Your objective: Only one stretch of the records below is wanted: the lines from the one holding "エアーポッズプロ 充電ケース 充電器 Apple国内正規品 AirPodsPro" through the one holding "1941. LIECHTENSTEIN. Fürsten.". Return it exactly, both ends included.

Supplied information:
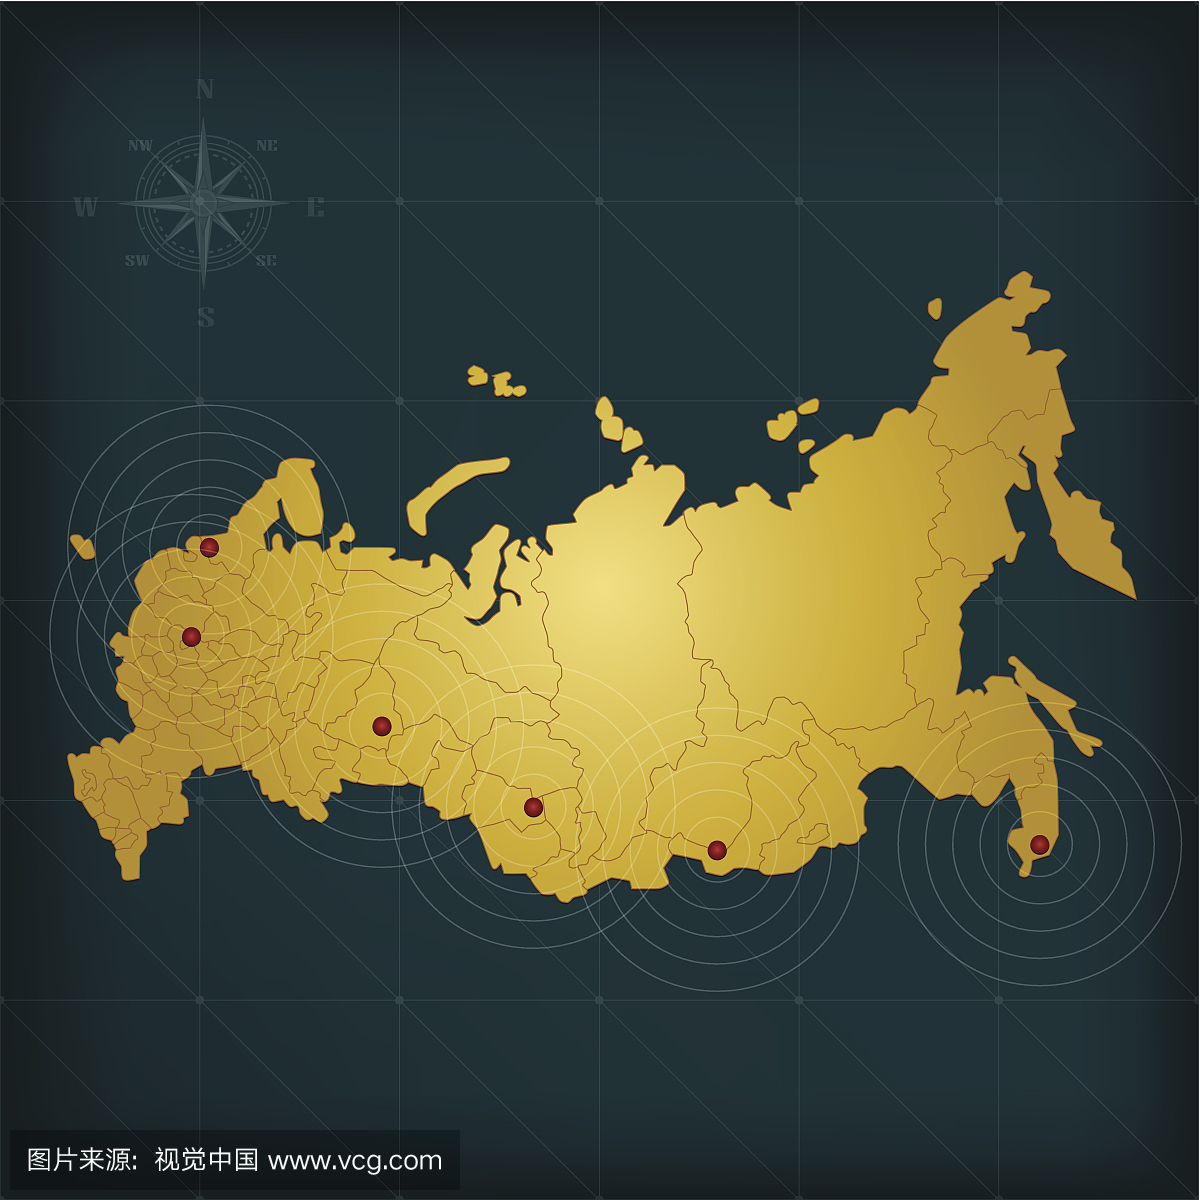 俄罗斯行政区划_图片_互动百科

==

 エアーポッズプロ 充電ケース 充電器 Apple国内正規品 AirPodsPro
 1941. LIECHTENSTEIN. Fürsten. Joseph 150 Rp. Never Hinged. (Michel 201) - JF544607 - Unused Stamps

---

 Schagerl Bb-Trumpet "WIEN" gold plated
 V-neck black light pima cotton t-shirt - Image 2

Written answer:
 エアーポッズプロ 充電ケース 充電器 Apple国内正規品 AirPodsPro
 1941. LIECHTENSTEIN. Fürsten. Joseph 150 Rp. Never Hinged. (Michel 201) - JF544607 - Unused Stamps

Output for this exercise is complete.